Photo by Colin Davison, courtesy Baltic Centre for Contemporary Art
Yoshitomo Nara + graf's "A–Z Project" is on view at the Baltic through October 26.

England's Baltic Centre has struggled to find solid footing since its inception in 1997. Will new director Godfrey Worsdale get it on track?

NEWCASTLE, England—Anyone starting a new job has the right to be nervous, especially if the job involves taking responsibility for an entire institution. And taking the helm at the Baltic Centre in the north of England, with its controversial, tumultuous history of mismanagement, must be even more nerve-wracking. But Godfrey Worsdale, speaking to ARTINFO after the announcement yesterday that he is to head up the contemporary art space starting in mid-November, sounded confident and determined, declaring, “I want to make Baltic one of the world’s greatest art institutions, and I think it has every potential to be so.”

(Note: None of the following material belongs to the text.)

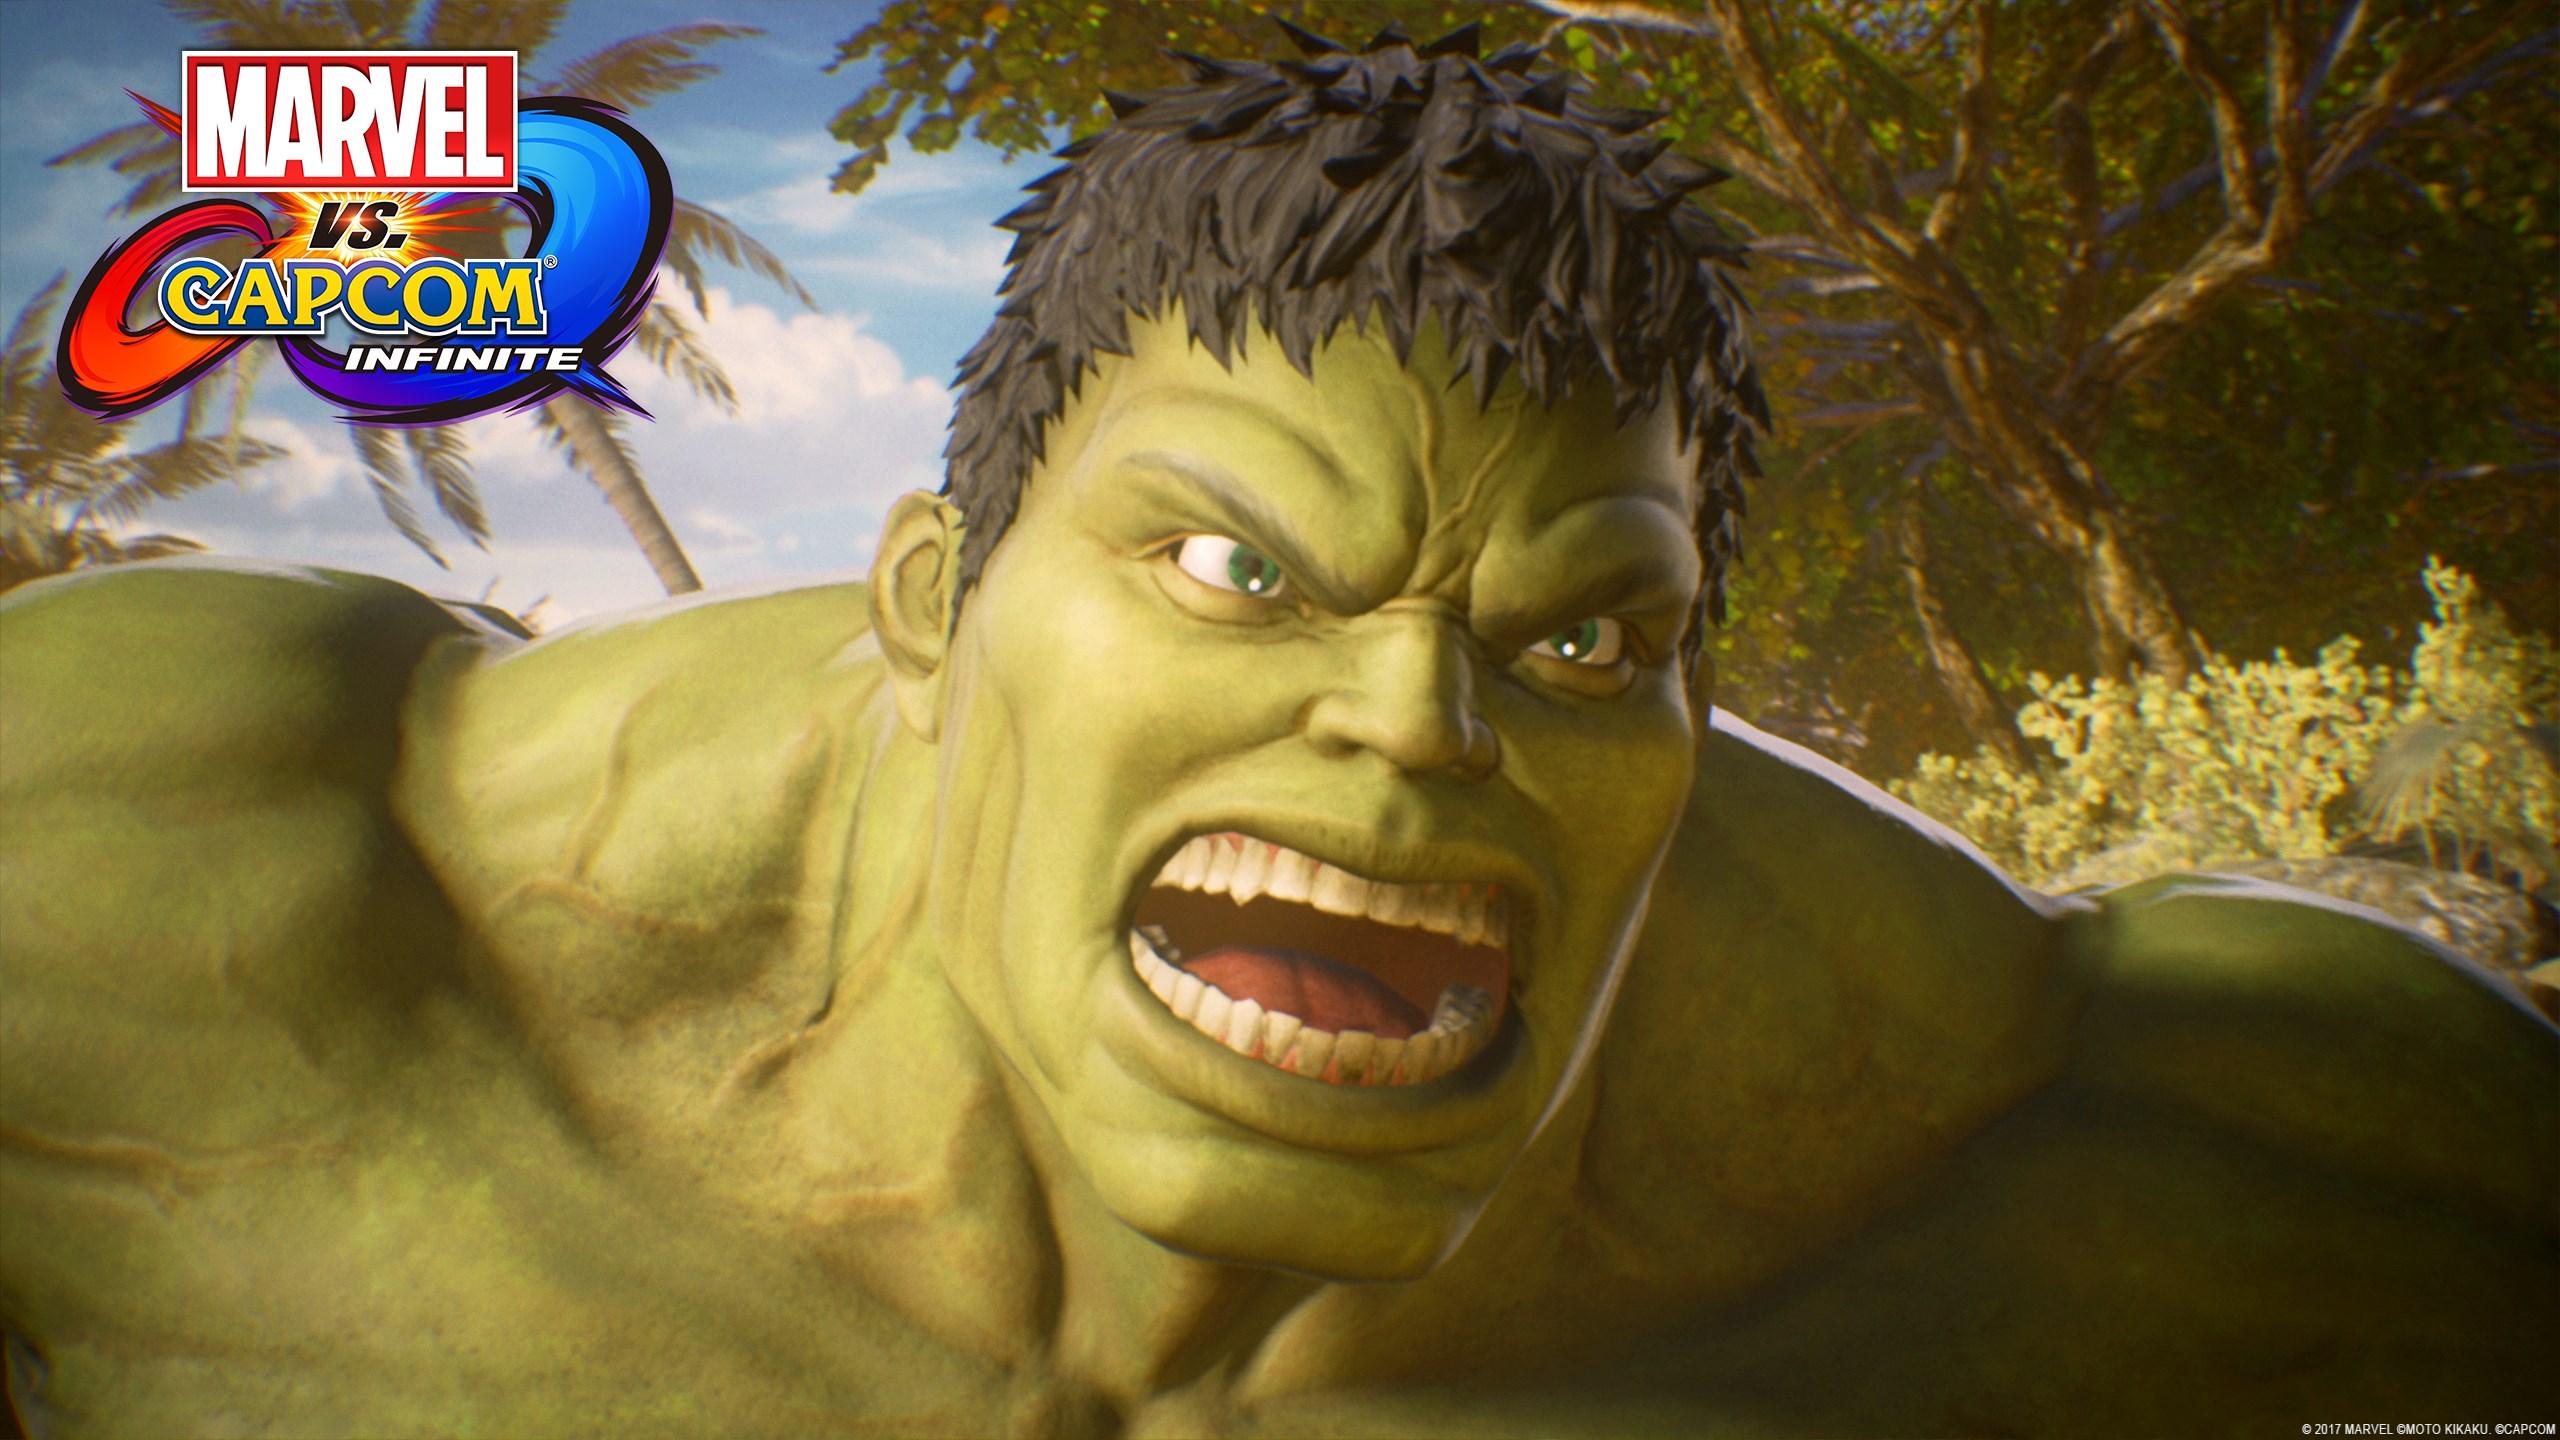 مارول میخواهد در صنعت بازیهای ویدیویی محبوبیت بیشتری کسب کند

He is stepping into a muddied history. The first director, the Swedish Sune Nordgren, was critically lauded for the direction he took with the £46 million ($92 million) arts project after its inception in 1997, but while his programming was well received, he failed to attend to the financial realities of running a major public space. The oft-cited example of his not bothering to install the usually ubiquitous donation boxes in the museum was finally hammered home to trustees in a report, leaked from the Arts Council England, that criticized the Baltic for its “serious inadequacies in financial procedures.” Nordgren left in October 2003, taking up the directorship at the National Gallery of Norway in Oslo and making way for Stephen Snoddy, the former chief at the Milton Keynes Gallery in Buckinghamshire, to come aboard in March of the following year. He brought with him a relative calm, but that ended abruptly after only a few months when police showed up at the gallery and arrested him in connection with an alleged sexual assault. Snoddy was promptly suspended, was later reinstated after being cleared of guilt in November, and resigned just two weeks later, citing family reasons.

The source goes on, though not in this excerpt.